Excerpt: The compact layout can improve storage and access performance for files that have many very tiny datasets. With one I/O access both the header and data values can be read. The compact layout reduces the size of a file, as the data is stored with the header which will always be allocated for a dataset. However, the object header is 64 KB in size , so this layout can only be used for very small datasets.

Motivation: H5CPP computes the layout information respect to the C++ object saved (as well as provides full manual control). In the former case, to take full advantage of HDF5 features one has to know the upper bound of payload to decide the optimal layout.
Most advanced linear algebra systems provide support for tiny/fixed sized matrices – often stored on stack --, providing optimised IO can lead to overall improved end-user experience.

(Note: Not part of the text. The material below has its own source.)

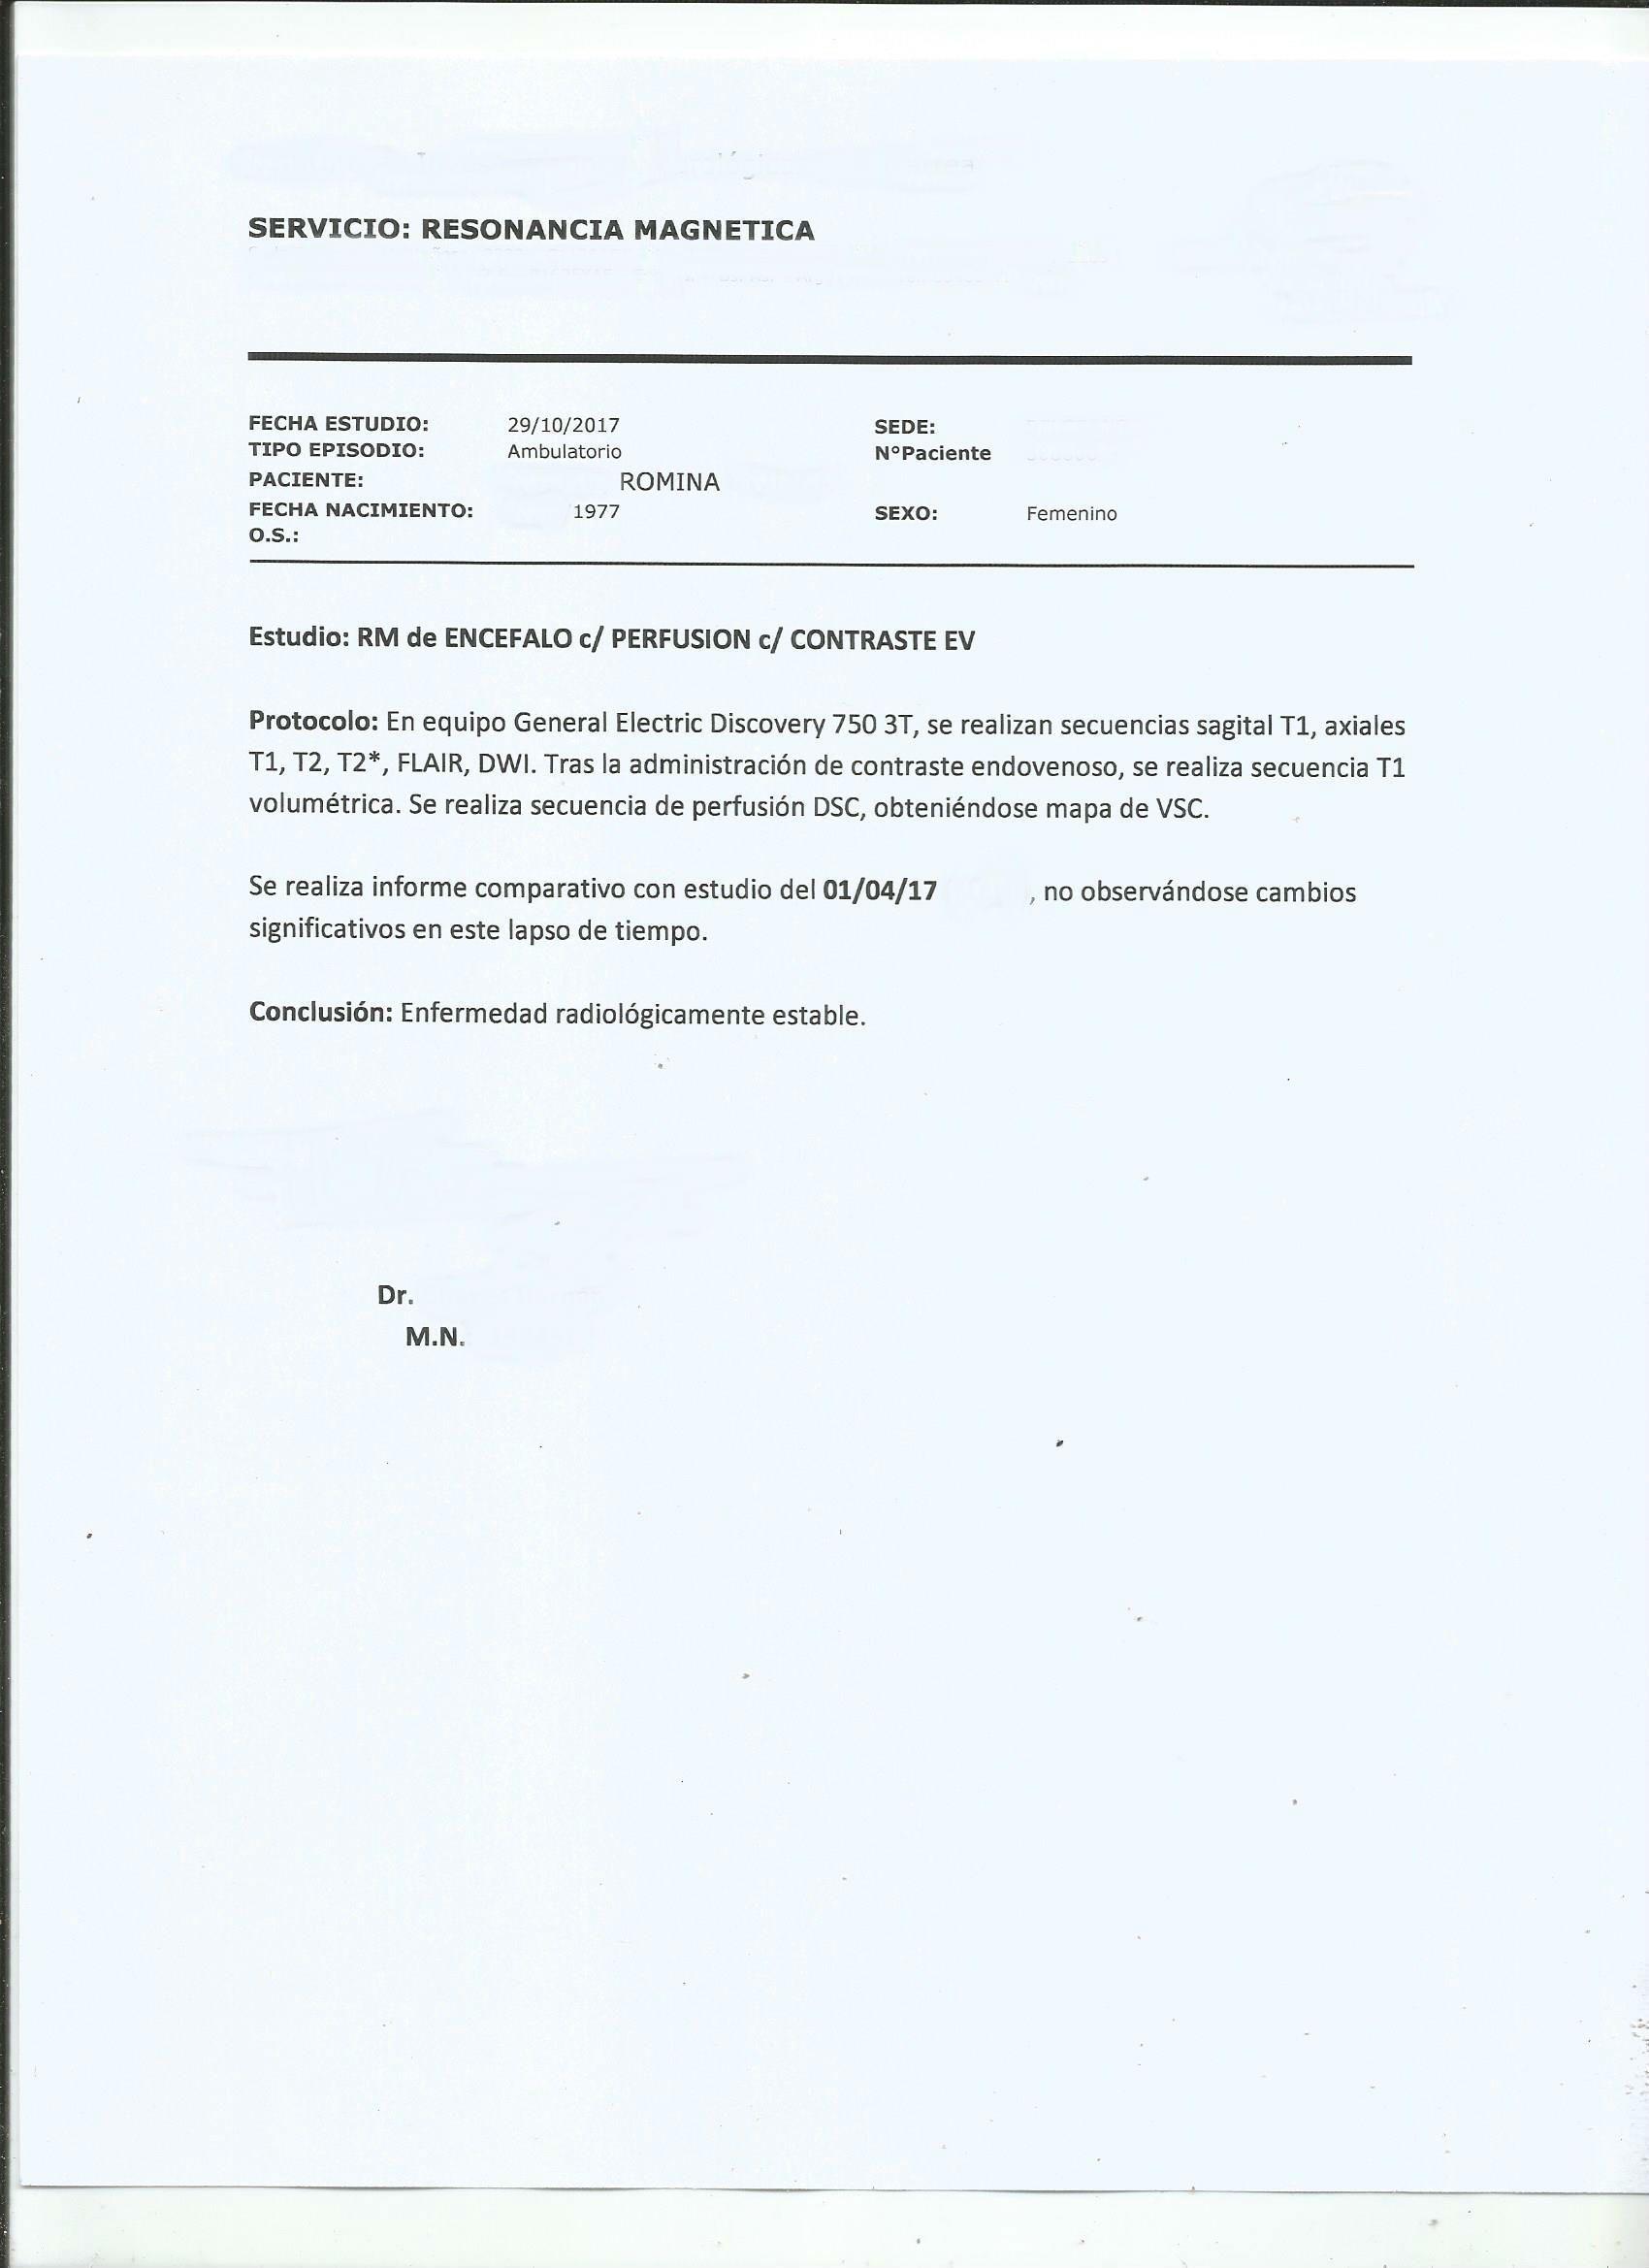 LifEscozul® - Romina 7 - Cáncer Cerebral

Update Note: H5Pset_layout tells: The raw data size limit is 64K (65520 bytes). however 64K is 2^16 or 65536 which leaves 16bytes for the book keeping.
best: steve

Steve, have a look at https://portal.hdfgroup.org/display/HDF5/File+Format+Specification and see Layout: Compact Storage Property Description In the latest version, I can see 4 bytes being used for book-keeping:
(Version - 1 byte, Layout class - 1 byte, and Size - 2 bytes). ‘Size’ is the size of the “payload.” Note that, for example, the datatype information is stored in a separate message and doesn’t count against the payload size. There is some variability between specification versions. G.

1 Like

@gheber Thanks! I interpret the diagram as:

address   | description
----------|-----------------------------------------------------
  4 byte  | version, dims, layout class, reserved, 
  8 byte  | reserved
     ...  | 4byte * rank; max 32
136 byte  | optional
140 byte  | optional
144 byte  | COMPACT DATA   

The value I am looking for is the greatest safe (or worst case respect to storage) number, after all it is always safe to place the payload into contiguous layout. Considering all the above (If my interpretation is correct) I am getting: 2^16 - 140 = 65396 for the maximum safe size for a compact layout payload.
Am I wrong with my interpretation of the referenced diagram?

steve

Yes, that works for versions 1,2,3 of the format spec. (Subject to change in the future!)
You can gain 4 bytes by taking out one of the optional fields:

Dataset Element Size
The size of a dataset element, in bytes. This field is only present for chunked storage.

G.

1 Like

OK, let’s set maximum safe compact layout payload to 64K - 140 = 65396
therefore: H5CPP_COMPACT_PAYLOAD_MAX_SIZE = 65396 – with the possibility to reconfigure with other cut off value should that be required, and is documented here.

All objects having no explicit dcpl_t with layout and less than H5CPP_COMPACT_PAYLOAD_MAX_SIZE and no filters, or chunks specified shall implicitly be saved as compact layout.

steve

Jawohl.

(Post must be at least 20 characters.)